_Task objective_
The entries below are to be printed again word for word.

_Exercise inputs_
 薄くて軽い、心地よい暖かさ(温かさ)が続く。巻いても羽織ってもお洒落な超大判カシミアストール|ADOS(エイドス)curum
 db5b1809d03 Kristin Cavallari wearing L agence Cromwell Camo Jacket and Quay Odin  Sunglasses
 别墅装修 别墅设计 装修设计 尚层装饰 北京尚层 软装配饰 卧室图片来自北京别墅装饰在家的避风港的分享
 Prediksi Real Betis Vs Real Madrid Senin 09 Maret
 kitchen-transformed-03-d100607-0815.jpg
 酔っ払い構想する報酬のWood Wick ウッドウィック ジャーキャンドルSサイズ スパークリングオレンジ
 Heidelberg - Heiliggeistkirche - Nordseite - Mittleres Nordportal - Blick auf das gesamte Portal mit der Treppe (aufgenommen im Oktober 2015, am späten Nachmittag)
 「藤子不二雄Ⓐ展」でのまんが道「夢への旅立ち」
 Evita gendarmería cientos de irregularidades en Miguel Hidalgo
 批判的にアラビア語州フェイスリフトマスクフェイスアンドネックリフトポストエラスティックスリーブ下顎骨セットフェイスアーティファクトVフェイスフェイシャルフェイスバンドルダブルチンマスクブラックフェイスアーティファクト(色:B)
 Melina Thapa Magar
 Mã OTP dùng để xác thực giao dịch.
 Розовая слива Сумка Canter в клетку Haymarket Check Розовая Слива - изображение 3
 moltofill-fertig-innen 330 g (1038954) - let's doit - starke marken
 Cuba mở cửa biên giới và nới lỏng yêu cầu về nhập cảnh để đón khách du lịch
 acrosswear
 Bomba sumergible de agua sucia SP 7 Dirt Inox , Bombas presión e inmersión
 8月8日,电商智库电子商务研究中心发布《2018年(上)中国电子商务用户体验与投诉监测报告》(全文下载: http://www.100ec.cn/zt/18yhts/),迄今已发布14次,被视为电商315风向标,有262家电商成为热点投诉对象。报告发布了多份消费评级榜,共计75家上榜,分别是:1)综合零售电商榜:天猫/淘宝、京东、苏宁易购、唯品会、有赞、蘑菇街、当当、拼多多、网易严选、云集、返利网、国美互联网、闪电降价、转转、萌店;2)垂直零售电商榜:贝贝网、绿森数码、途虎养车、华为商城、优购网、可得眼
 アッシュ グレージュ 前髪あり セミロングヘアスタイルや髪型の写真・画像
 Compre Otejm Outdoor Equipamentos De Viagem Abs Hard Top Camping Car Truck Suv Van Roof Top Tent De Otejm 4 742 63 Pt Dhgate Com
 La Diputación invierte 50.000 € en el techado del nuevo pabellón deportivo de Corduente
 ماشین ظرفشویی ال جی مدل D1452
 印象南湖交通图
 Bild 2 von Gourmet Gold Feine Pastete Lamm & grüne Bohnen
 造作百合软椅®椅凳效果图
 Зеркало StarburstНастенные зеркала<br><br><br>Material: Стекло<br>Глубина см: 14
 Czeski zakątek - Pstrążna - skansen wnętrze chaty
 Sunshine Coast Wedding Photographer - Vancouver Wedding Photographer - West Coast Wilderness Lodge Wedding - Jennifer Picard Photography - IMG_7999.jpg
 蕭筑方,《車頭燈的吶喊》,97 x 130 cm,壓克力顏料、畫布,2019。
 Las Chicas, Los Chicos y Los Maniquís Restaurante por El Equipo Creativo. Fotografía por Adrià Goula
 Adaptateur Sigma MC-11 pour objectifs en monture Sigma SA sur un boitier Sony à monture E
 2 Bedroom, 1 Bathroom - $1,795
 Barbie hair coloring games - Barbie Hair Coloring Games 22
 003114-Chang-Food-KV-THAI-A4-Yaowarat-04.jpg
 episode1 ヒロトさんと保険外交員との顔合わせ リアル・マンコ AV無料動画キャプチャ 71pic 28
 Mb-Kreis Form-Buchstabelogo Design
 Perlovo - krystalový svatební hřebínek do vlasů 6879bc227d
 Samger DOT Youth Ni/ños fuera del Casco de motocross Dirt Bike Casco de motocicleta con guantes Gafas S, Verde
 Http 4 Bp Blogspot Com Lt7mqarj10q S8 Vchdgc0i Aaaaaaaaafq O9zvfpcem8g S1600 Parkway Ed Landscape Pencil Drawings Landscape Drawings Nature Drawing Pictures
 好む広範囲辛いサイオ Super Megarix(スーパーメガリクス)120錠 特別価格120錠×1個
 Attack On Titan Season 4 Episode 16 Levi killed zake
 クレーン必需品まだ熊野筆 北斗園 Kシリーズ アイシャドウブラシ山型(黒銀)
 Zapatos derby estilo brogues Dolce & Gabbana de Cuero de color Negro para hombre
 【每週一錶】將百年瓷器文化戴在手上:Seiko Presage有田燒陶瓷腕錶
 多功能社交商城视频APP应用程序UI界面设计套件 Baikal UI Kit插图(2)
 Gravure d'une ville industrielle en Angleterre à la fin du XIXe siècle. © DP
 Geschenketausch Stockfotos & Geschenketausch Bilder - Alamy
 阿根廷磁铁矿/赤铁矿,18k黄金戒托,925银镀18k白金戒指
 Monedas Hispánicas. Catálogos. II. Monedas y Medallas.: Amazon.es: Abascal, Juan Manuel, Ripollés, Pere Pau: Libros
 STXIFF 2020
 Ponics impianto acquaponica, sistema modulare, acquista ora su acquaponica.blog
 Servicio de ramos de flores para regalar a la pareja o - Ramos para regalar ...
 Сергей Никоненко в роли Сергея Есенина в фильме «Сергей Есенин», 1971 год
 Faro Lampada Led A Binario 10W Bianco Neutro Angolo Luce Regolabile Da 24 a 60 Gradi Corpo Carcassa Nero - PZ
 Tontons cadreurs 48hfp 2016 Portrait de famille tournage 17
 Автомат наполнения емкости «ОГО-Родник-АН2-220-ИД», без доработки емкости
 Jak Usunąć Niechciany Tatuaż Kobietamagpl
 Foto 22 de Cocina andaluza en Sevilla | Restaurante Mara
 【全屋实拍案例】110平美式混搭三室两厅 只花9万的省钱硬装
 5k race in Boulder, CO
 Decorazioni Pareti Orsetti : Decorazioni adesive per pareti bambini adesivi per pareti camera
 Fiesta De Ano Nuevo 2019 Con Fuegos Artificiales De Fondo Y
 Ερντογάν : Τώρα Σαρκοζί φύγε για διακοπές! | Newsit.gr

_Answer to the problem_
 薄くて軽い、心地よい暖かさ(温かさ)が続く。巻いても羽織ってもお洒落な超大判カシミアストール|ADOS(エイドス)curum
 db5b1809d03 Kristin Cavallari wearing L agence Cromwell Camo Jacket and Quay Odin  Sunglasses
 别墅装修 别墅设计 装修设计 尚层装饰 北京尚层 软装配饰 卧室图片来自北京别墅装饰在家的避风港的分享
 Prediksi Real Betis Vs Real Madrid Senin 09 Maret
 kitchen-transformed-03-d100607-0815.jpg
 酔っ払い構想する報酬のWood Wick ウッドウィック ジャーキャンドルSサイズ スパークリングオレンジ
 Heidelberg - Heiliggeistkirche - Nordseite - Mittleres Nordportal - Blick auf das gesamte Portal mit der Treppe (aufgenommen im Oktober 2015, am späten Nachmittag)
 「藤子不二雄Ⓐ展」でのまんが道「夢への旅立ち」
 Evita gendarmería cientos de irregularidades en Miguel Hidalgo
 批判的にアラビア語州フェイスリフトマスクフェイスアンドネックリフトポストエラスティックスリーブ下顎骨セットフェイスアーティファクトVフェイスフェイシャルフェイスバンドルダブルチンマスクブラックフェイスアーティファクト(色:B)
 Melina Thapa Magar
 Mã OTP dùng để xác thực giao dịch.
 Розовая слива Сумка Canter в клетку Haymarket Check Розовая Слива - изображение 3
 moltofill-fertig-innen 330 g (1038954) - let's doit - starke marken
 Cuba mở cửa biên giới và nới lỏng yêu cầu về nhập cảnh để đón khách du lịch
 acrosswear
 Bomba sumergible de agua sucia SP 7 Dirt Inox , Bombas presión e inmersión
 8月8日,电商智库电子商务研究中心发布《2018年(上)中国电子商务用户体验与投诉监测报告》(全文下载: http://www.100ec.cn/zt/18yhts/),迄今已发布14次,被视为电商315风向标,有262家电商成为热点投诉对象。报告发布了多份消费评级榜,共计75家上榜,分别是:1)综合零售电商榜:天猫/淘宝、京东、苏宁易购、唯品会、有赞、蘑菇街、当当、拼多多、网易严选、云集、返利网、国美互联网、闪电降价、转转、萌店;2)垂直零售电商榜:贝贝网、绿森数码、途虎养车、华为商城、优购网、可得眼
 アッシュ グレージュ 前髪あり セミロングヘアスタイルや髪型の写真・画像
 Compre Otejm Outdoor Equipamentos De Viagem Abs Hard Top Camping Car Truck Suv Van Roof Top Tent De Otejm 4 742 63 Pt Dhgate Com
 La Diputación invierte 50.000 € en el techado del nuevo pabellón deportivo de Corduente
 ماشین ظرفشویی ال جی مدل D1452
 印象南湖交通图
 Bild 2 von Gourmet Gold Feine Pastete Lamm & grüne Bohnen
 造作百合软椅®椅凳效果图
 Зеркало StarburstНастенные зеркала<br><br><br>Material: Стекло<br>Глубина см: 14
 Czeski zakątek - Pstrążna - skansen wnętrze chaty
 Sunshine Coast Wedding Photographer - Vancouver Wedding Photographer - West Coast Wilderness Lodge Wedding - Jennifer Picard Photography - IMG_7999.jpg
 蕭筑方,《車頭燈的吶喊》,97 x 130 cm,壓克力顏料、畫布,2019。
 Las Chicas, Los Chicos y Los Maniquís Restaurante por El Equipo Creativo. Fotografía por Adrià Goula
 Adaptateur Sigma MC-11 pour objectifs en monture Sigma SA sur un boitier Sony à monture E
 2 Bedroom, 1 Bathroom - $1,795
 Barbie hair coloring games - Barbie Hair Coloring Games 22
 003114-Chang-Food-KV-THAI-A4-Yaowarat-04.jpg
 episode1 ヒロトさんと保険外交員との顔合わせ リアル・マンコ AV無料動画キャプチャ 71pic 28
 Mb-Kreis Form-Buchstabelogo Design
 Perlovo - krystalový svatební hřebínek do vlasů 6879bc227d
 Samger DOT Youth Ni/ños fuera del Casco de motocross Dirt Bike Casco de motocicleta con guantes Gafas S, Verde
 Http 4 Bp Blogspot Com Lt7mqarj10q S8 Vchdgc0i Aaaaaaaaafq O9zvfpcem8g S1600 Parkway Ed Landscape Pencil Drawings Landscape Drawings Nature Drawing Pictures
 好む広範囲辛いサイオ Super Megarix(スーパーメガリクス)120錠 特別価格120錠×1個
 Attack On Titan Season 4 Episode 16 Levi killed zake
 クレーン必需品まだ熊野筆 北斗園 Kシリーズ アイシャドウブラシ山型(黒銀)
 Zapatos derby estilo brogues Dolce & Gabbana de Cuero de color Negro para hombre
 【每週一錶】將百年瓷器文化戴在手上:Seiko Presage有田燒陶瓷腕錶
 多功能社交商城视频APP应用程序UI界面设计套件 Baikal UI Kit插图(2)
 Gravure d'une ville industrielle en Angleterre à la fin du XIXe siècle. © DP
 Geschenketausch Stockfotos & Geschenketausch Bilder - Alamy
 阿根廷磁铁矿/赤铁矿,18k黄金戒托,925银镀18k白金戒指
 Monedas Hispánicas. Catálogos. II. Monedas y Medallas.: Amazon.es: Abascal, Juan Manuel, Ripollés, Pere Pau: Libros
 STXIFF 2020
 Ponics impianto acquaponica, sistema modulare, acquista ora su acquaponica.blog
 Servicio de ramos de flores para regalar a la pareja o - Ramos para regalar ...
 Сергей Никоненко в роли Сергея Есенина в фильме «Сергей Есенин», 1971 год
 Faro Lampada Led A Binario 10W Bianco Neutro Angolo Luce Regolabile Da 24 a 60 Gradi Corpo Carcassa Nero - PZ
 Tontons cadreurs 48hfp 2016 Portrait de famille tournage 17
 Автомат наполнения емкости «ОГО-Родник-АН2-220-ИД», без доработки емкости
 Jak Usunąć Niechciany Tatuaż Kobietamagpl
 Foto 22 de Cocina andaluza en Sevilla | Restaurante Mara
 【全屋实拍案例】110平美式混搭三室两厅 只花9万的省钱硬装
 5k race in Boulder, CO
 Decorazioni Pareti Orsetti : Decorazioni adesive per pareti bambini adesivi per pareti camera
 Fiesta De Ano Nuevo 2019 Con Fuegos Artificiales De Fondo Y
 Ερντογάν : Τώρα Σαρκοζί φύγε για διακοπές! | Newsit.gr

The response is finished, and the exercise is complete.